Há sempre diversas razões para se trazer à discussão as obras do arquiteto teuto-brasileiro Hans Broos (1921-2011) – tendo em vista a coerência de suas propostas, a profunda adequação ao seu meio, ou a ambiência que geram -, como intenta fazer, brevemente, este artigo. Num momento em que a arquitetura deixou de ser tema de relevância cultural, e passou a objeto medido na ponta do lápis os ganhos (financeiros) possíveis, suas obras nos convocam à reflexão, por um lado, como exemplos que possuem na cidade e no urbano seu fim. Por outro, o olhar sobre sua produção também se renova, quando temos cada vez mais pesquisadores debruçados em investigar o contexto catarinense, e lançar novos nomes ao debate.
Conteúdo exclusivo publicado no Anuário ArqSC 2016.
Através de seu trabalho o arquiteto deixou marcas profundas na paisagem construída de muitas cidades catarinenses, em sua longa produção, que teve início nos anos 1950, quando chega ao Brasil, em Blumenau, e se estendeu por quase cinco décadas. Sua obra vem precisamente em um momento de crescimento econômico de muitas cidades, de procura de modernização das estruturas que se refletia na busca de uma imagem de modernidade, que competia à arquitetura instaurar e, alcançava, em última instância, boa parte do país. Também coincide com um momento de grande projeção e renome internacional da arquitetura moderna brasileira. Conciliando saberes pragmáticos, teóricos e influências de sua formação, Hans Broos tentou dialogar francamente com ela.

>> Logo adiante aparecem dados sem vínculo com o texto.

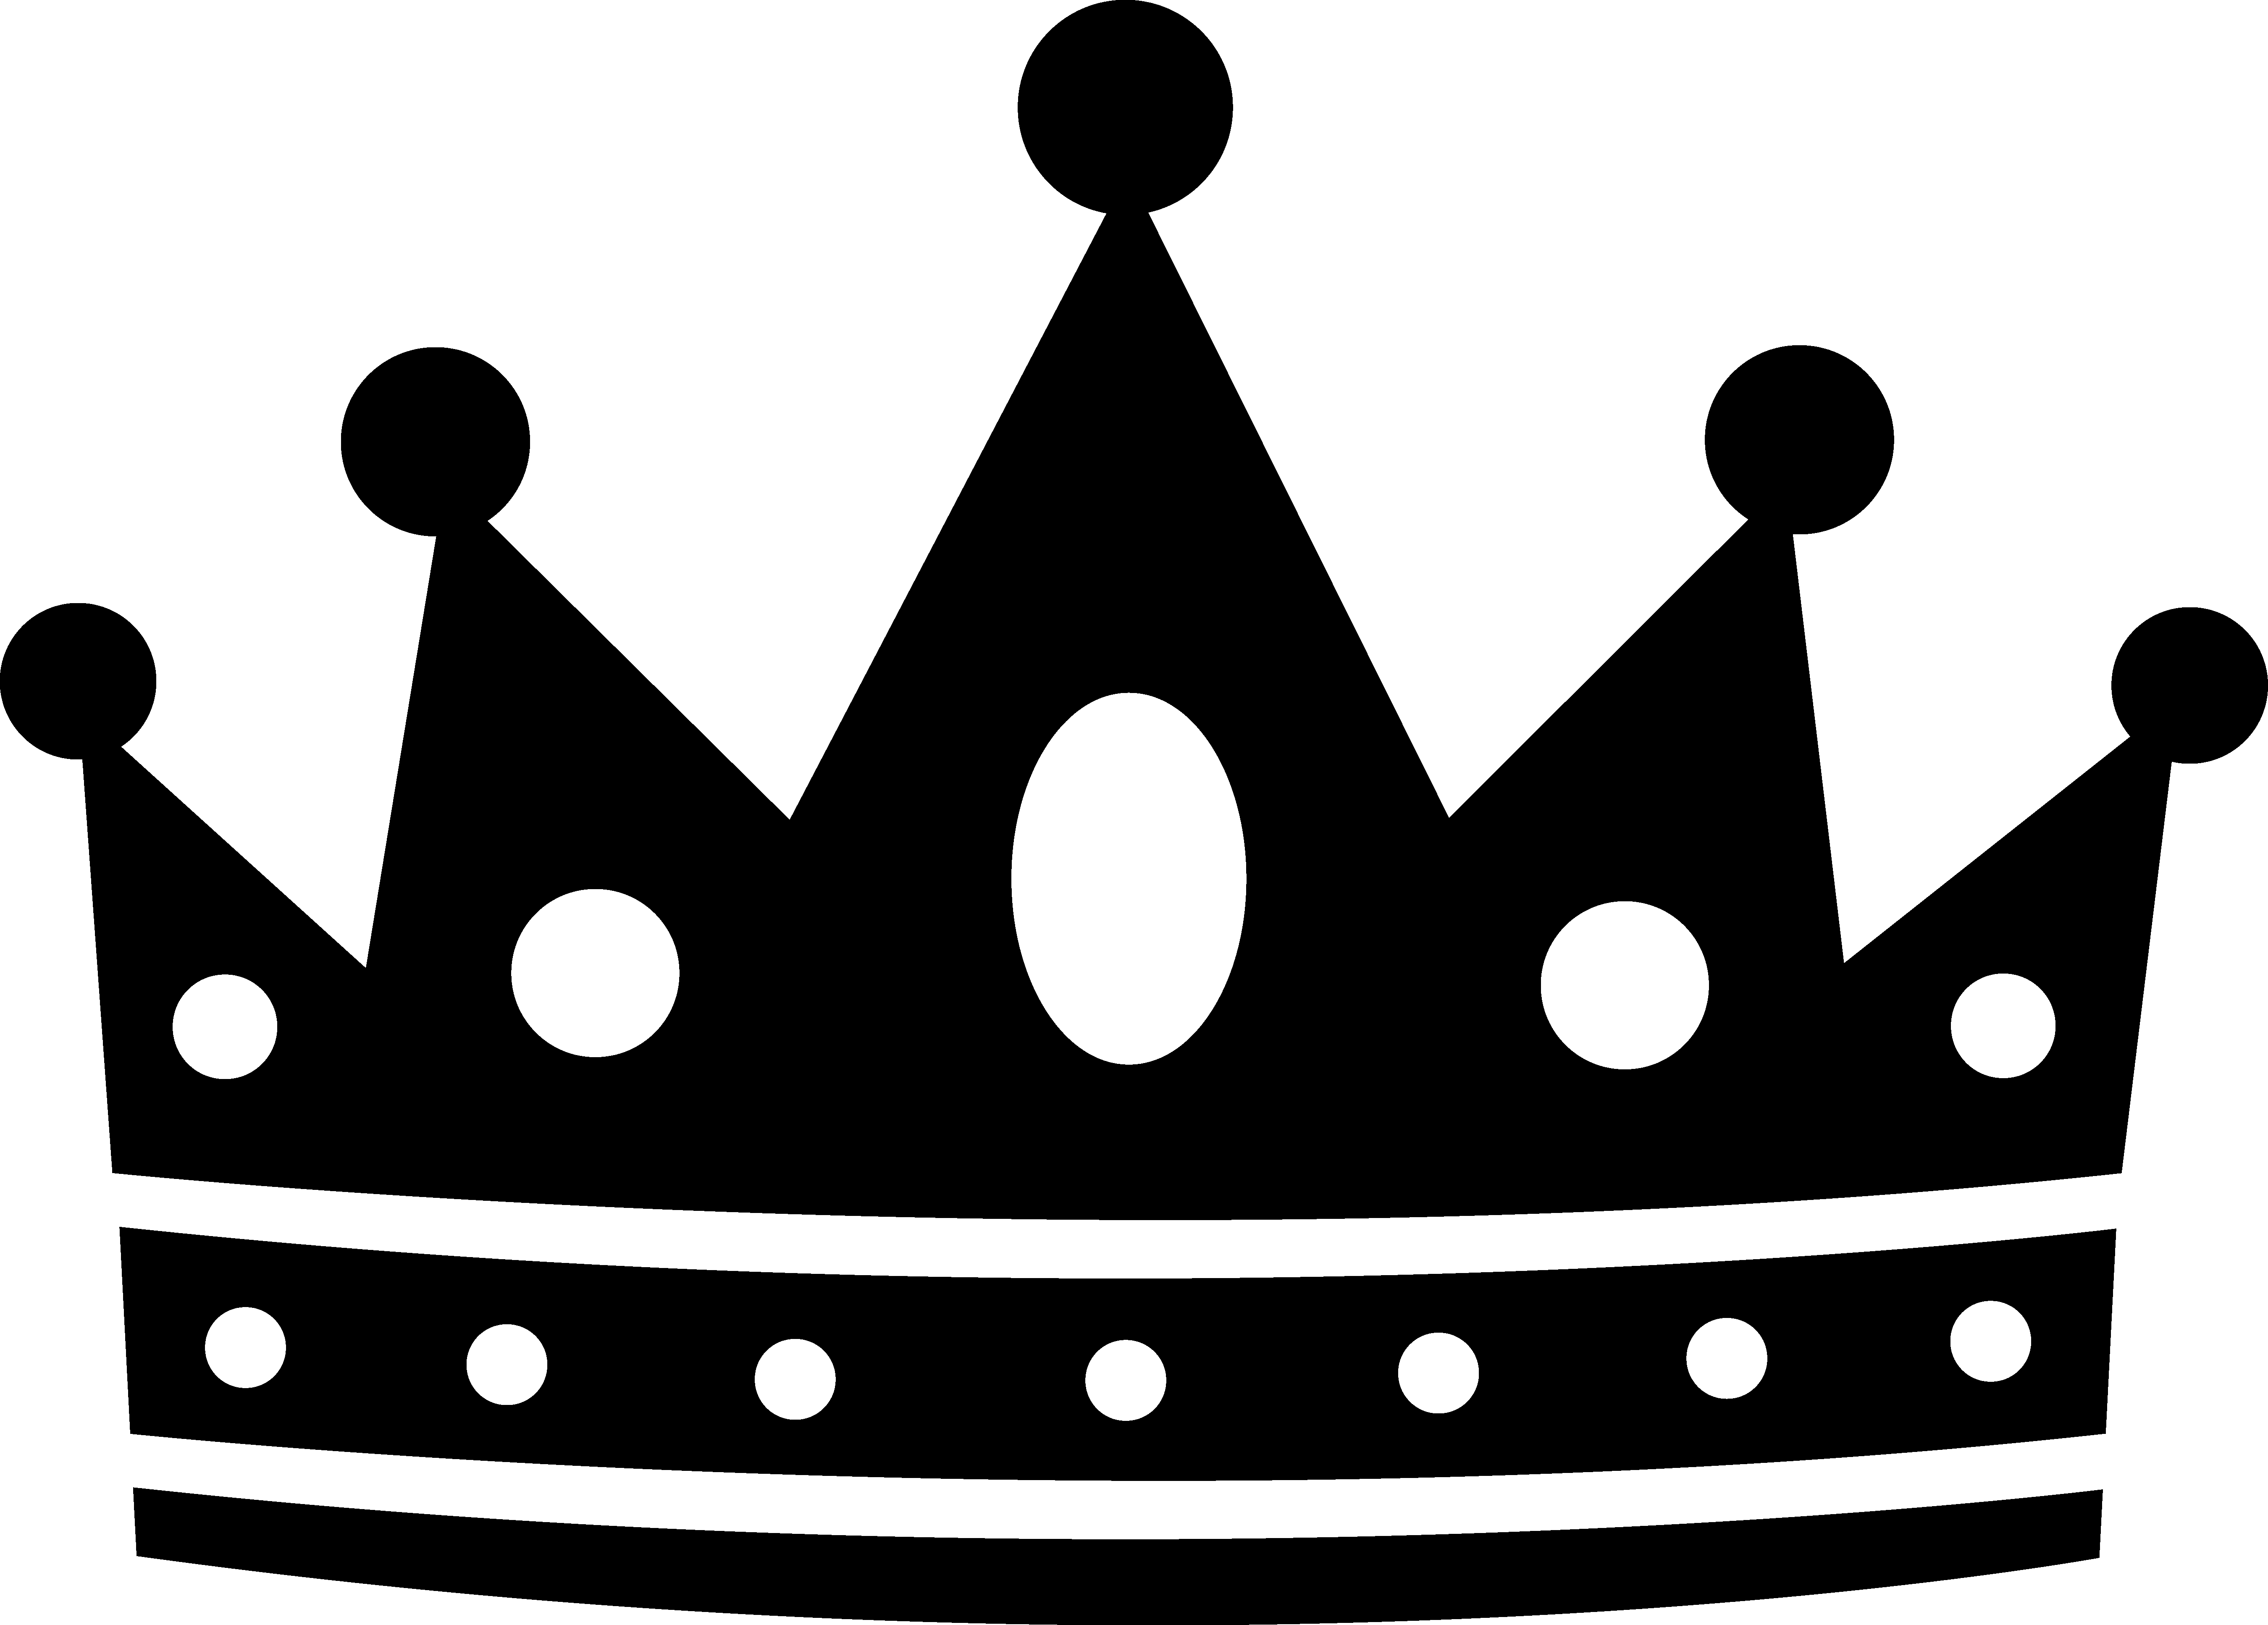 crowns clipart evil

Dentre as muitas obras dignas de menção, que constituiriam marcos anônimos na paisagem, senão pela boa arquitetura que revelam, pretendo explorar aqui uma obra que, seguramente, pode ser considerada uma de suas maiores realizações: A Fábrica Matriz da Companhia Têxtil Hering (1968-1975), em Blumenau. Trarei algumas questões para reflexão que são pontos altos deste projeto e, de modo geral, extensíveis a toda sua obra.
O projeto
A Companhia Hering se constitui em um dos mais surpreendentes exemplos de planejamento industrial do país, através de um processo contínuo de desenvolvimento e apropriação do espaço, em que o arquiteto também toma parte da história da formação da empresa. Foi o primeiro projeto fabril de grande porte realizado por Hans Broos no país, e com ele dá início a uma parceria de mais de vinte anos de colaboração com a empresa, na função de arquiteto e consultor, que lhe rendeu inúmeros projetos industriais e também o renome de “arquiteto industrial”, uma experiência que tivera seus passos iniciais em sua curta carreira alemã.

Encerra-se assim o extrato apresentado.